[Assigned task]
From the line containing "A plugin interacts" through the last line of the data, both ends included, write out every line exactly; omit the pictures.

[Source material]
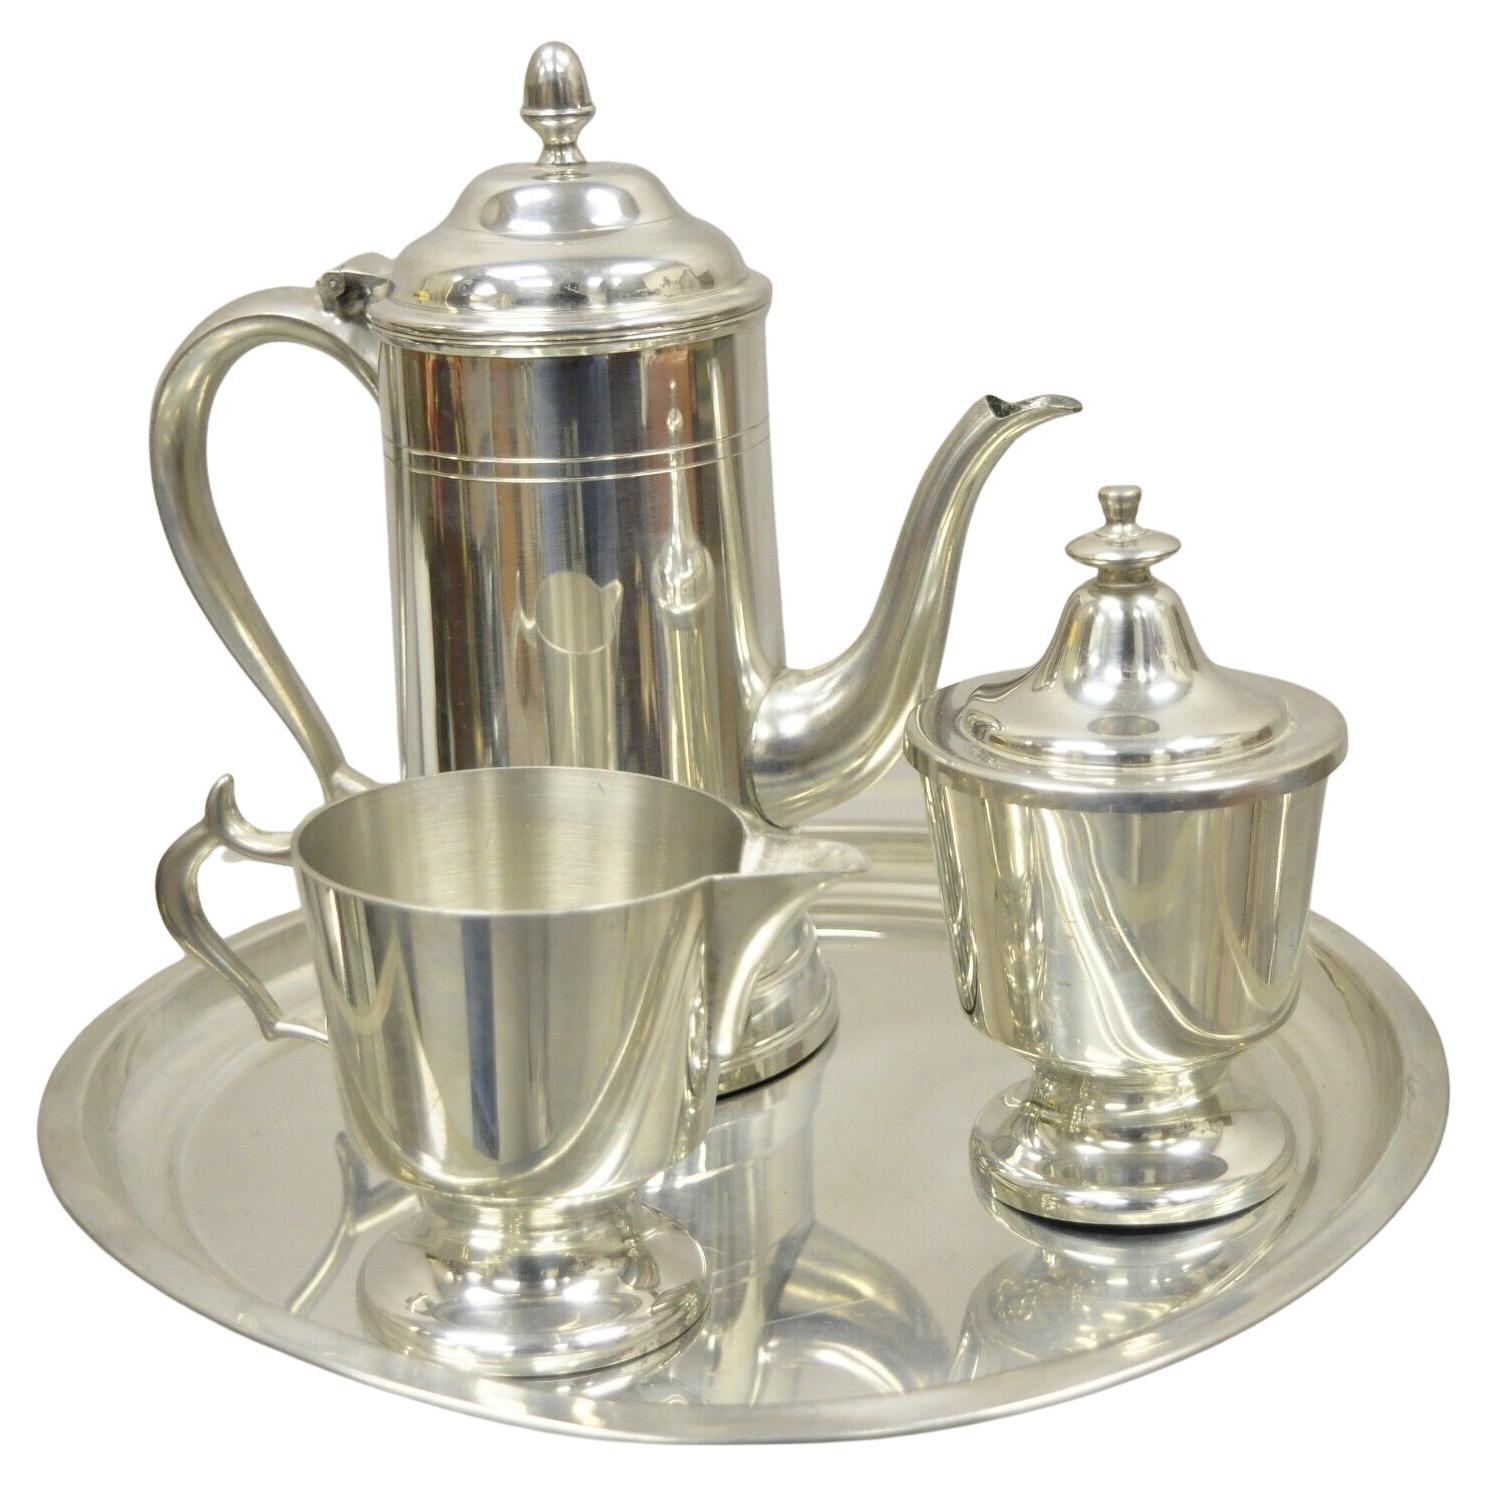 Vintage Woodbury Pewter Henry Ford Museum Pewter Coffee Serving Set, 4 Piece Set For Sale
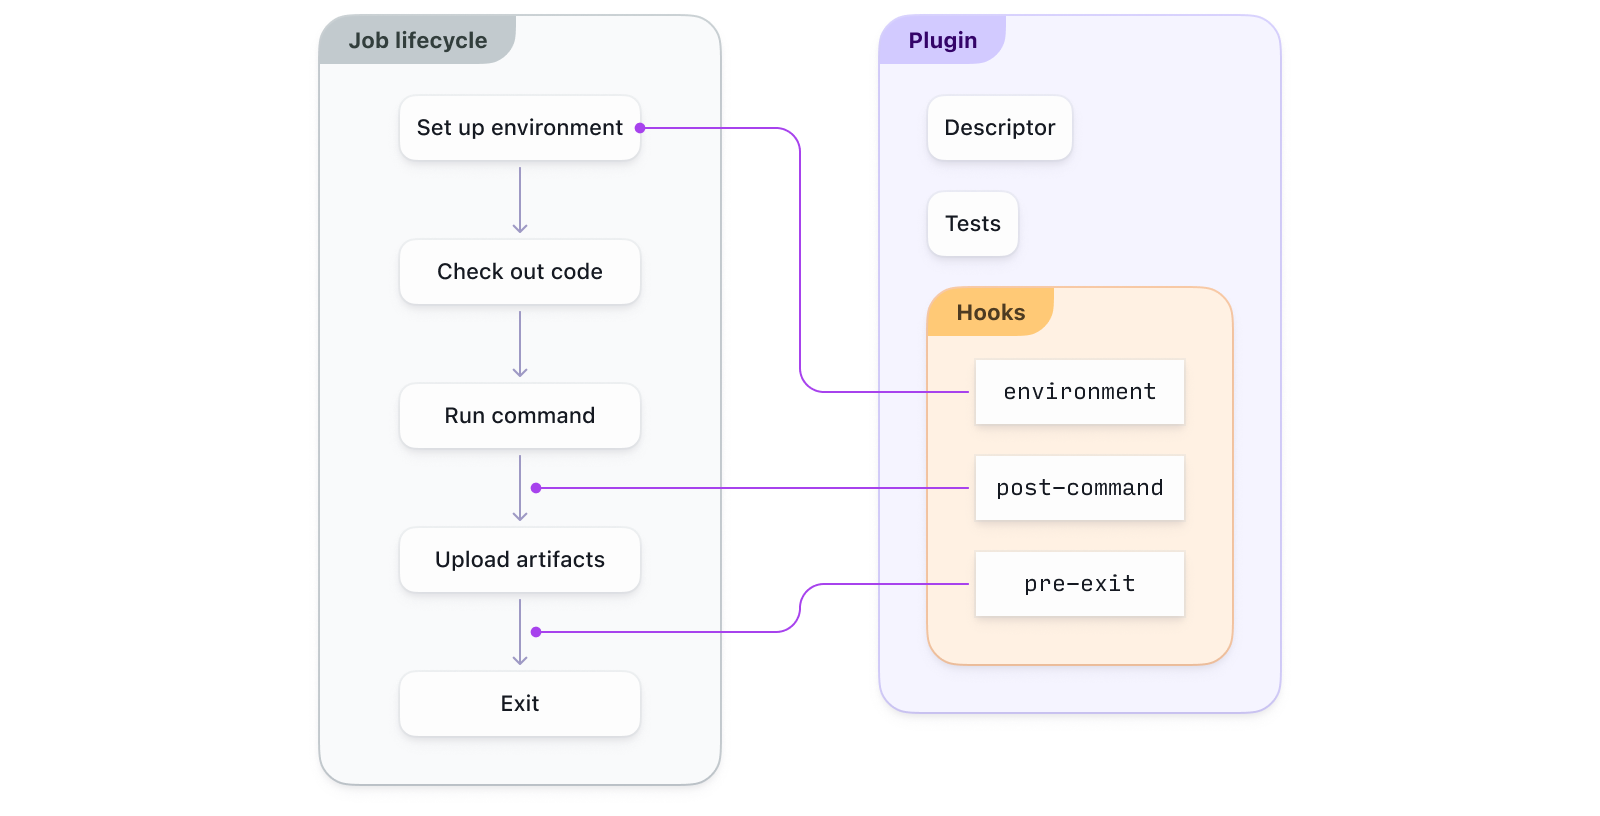 A plugin interacts with the job lifecycle using environment, post-command, and pre-exit hooks
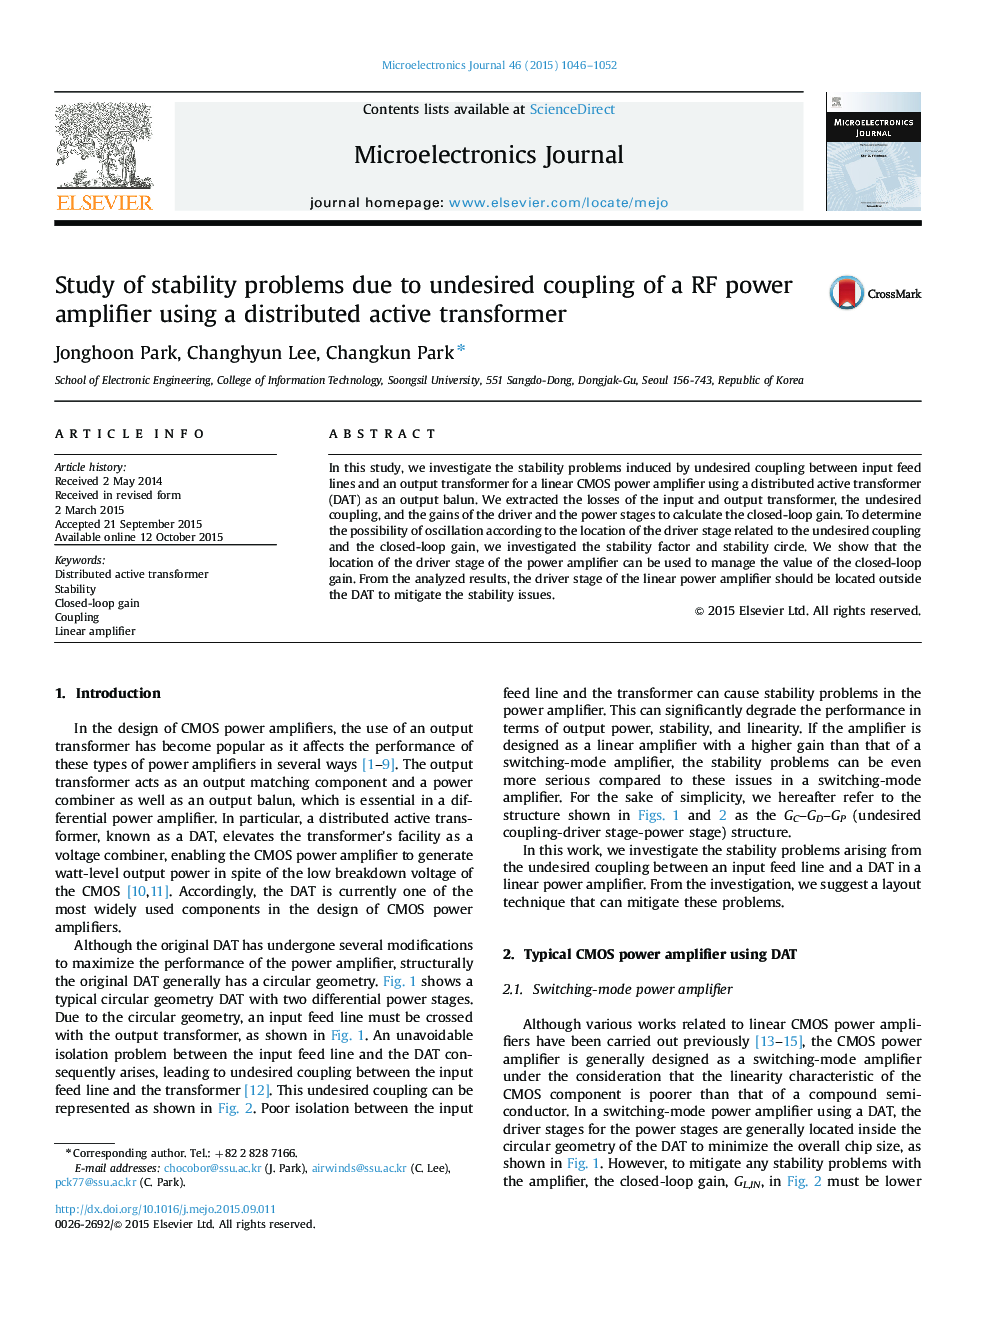 Study of stability problems due to undesired coupling of a RF power amplifier using a distributed active transformer

[Problem solution]
 A plugin interacts with the job lifecycle using environment, post-command, and pre-exit hooks
 Study of stability problems due to undesired coupling of a RF power amplifier using a distributed active transformer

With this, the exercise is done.